Hazelcast Security
The light-oauth2 consists of 8 microservices and these services communicate between each other through a Hazelcast distributed cache. All services are working at the cache layer so that it is very easy to abstract the persistence layer to any database. Currently, we only support MySQL, Postgres, Oracle, and SQLServer. And these can be exchanged by configuration. User can extend the persistence layer to support other SQL or No-SQL database.
By working at the Data Grid level, we can hide the persistence from the services. At the same time, it significantly improves the performance of light-oauth2 services. However, there are some extra configurations we have to consider to secure the Hazelcast.
When talking about Hazelcast security, there are two different areas:
Authentication/Authorization - which application can connect to the Hazelcast IMDG and client permission.
For more information, please visit https://github.com/hazelcast/hazelcast/issues/8370
Multicast Security - Ensure nobody can intercept the network traffic. It requires TLS to encrypt the connection.

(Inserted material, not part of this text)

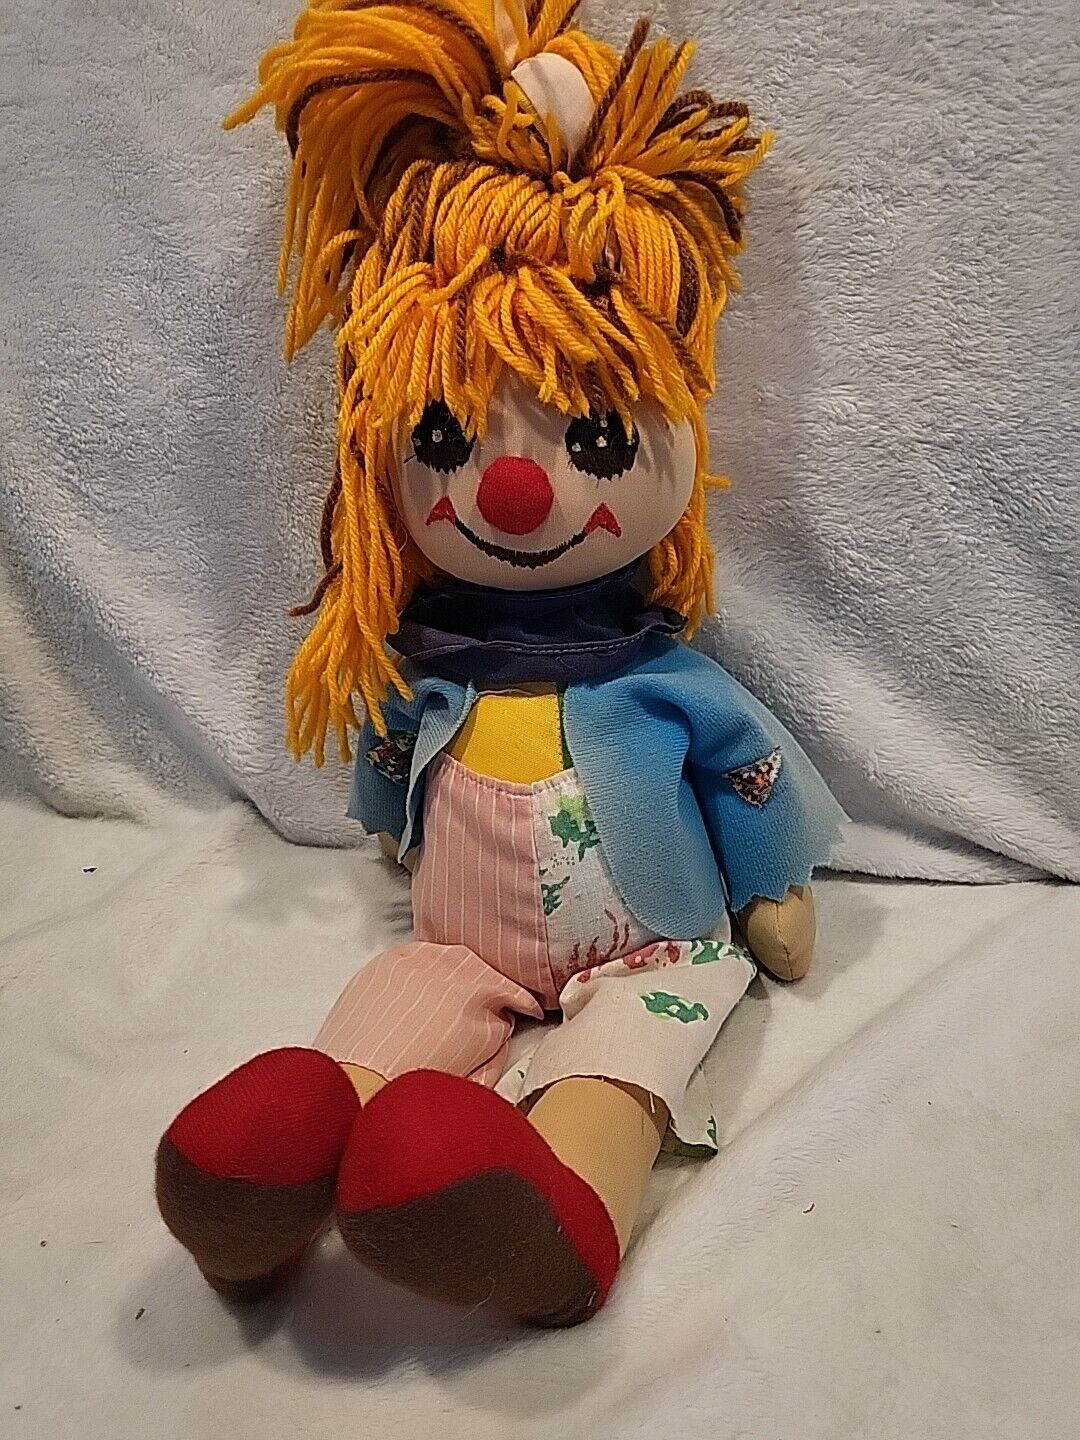 Vintage 1985 KAMAR PEOROTYPE HAND MADE Clown  STYLE  5756 RARE  FIND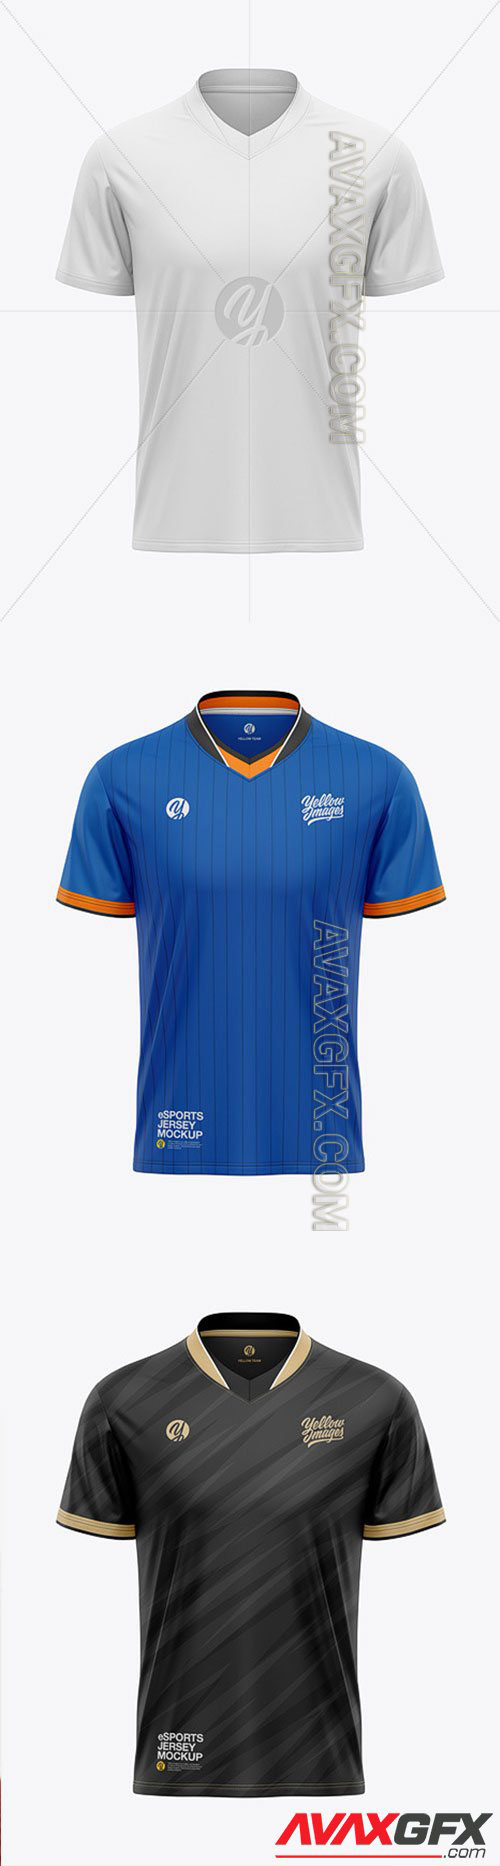 Download Men S V Neck Esports Jersey Mockup Front View 66392 Avaxgfx All Downloads That You Need In One Place Graphic From Nitroflare Rapidgator

Hazelcast enterprise has features to meet the security requirement above; however, most of our users won’t want to buy the enterprise license. So we have to find a way to secure the Hazelcast at the network level.
The light-oauth2 is an infrastructure service, and it is normally not recommended deploying to the Kubernetes cluster; however, more and more users are doing so. So let’s separate the deployment from VM and Kubernetes/Openshift.
VM deployment
When deploying the light-oauth2 to one or several VMs, you can start the containers with docker-compose or docker-swarm. These VMs are secured by firewalls so that Hazelcast communication can only be allowed between these VMs. Only the service ports should be exposed to the outside through either static IP with port numbers or through Consul service registry and discovery.
Kubernetes/Openshift
When deploying the light-oauth2 to a Kubernetes/Openshift cluster, it is recommended deploying light-oauth2 services to a separate cluster so that these nodes can be secured, or at least deploying to a separate namespace/project so that security can be configured separately.
The network policy configuration in Kubernetes can be found at https://kubernetes.io/docs/concepts/services-networking/network-policies/#the-networkpolicy-resource, and we will write some tutorial in the future.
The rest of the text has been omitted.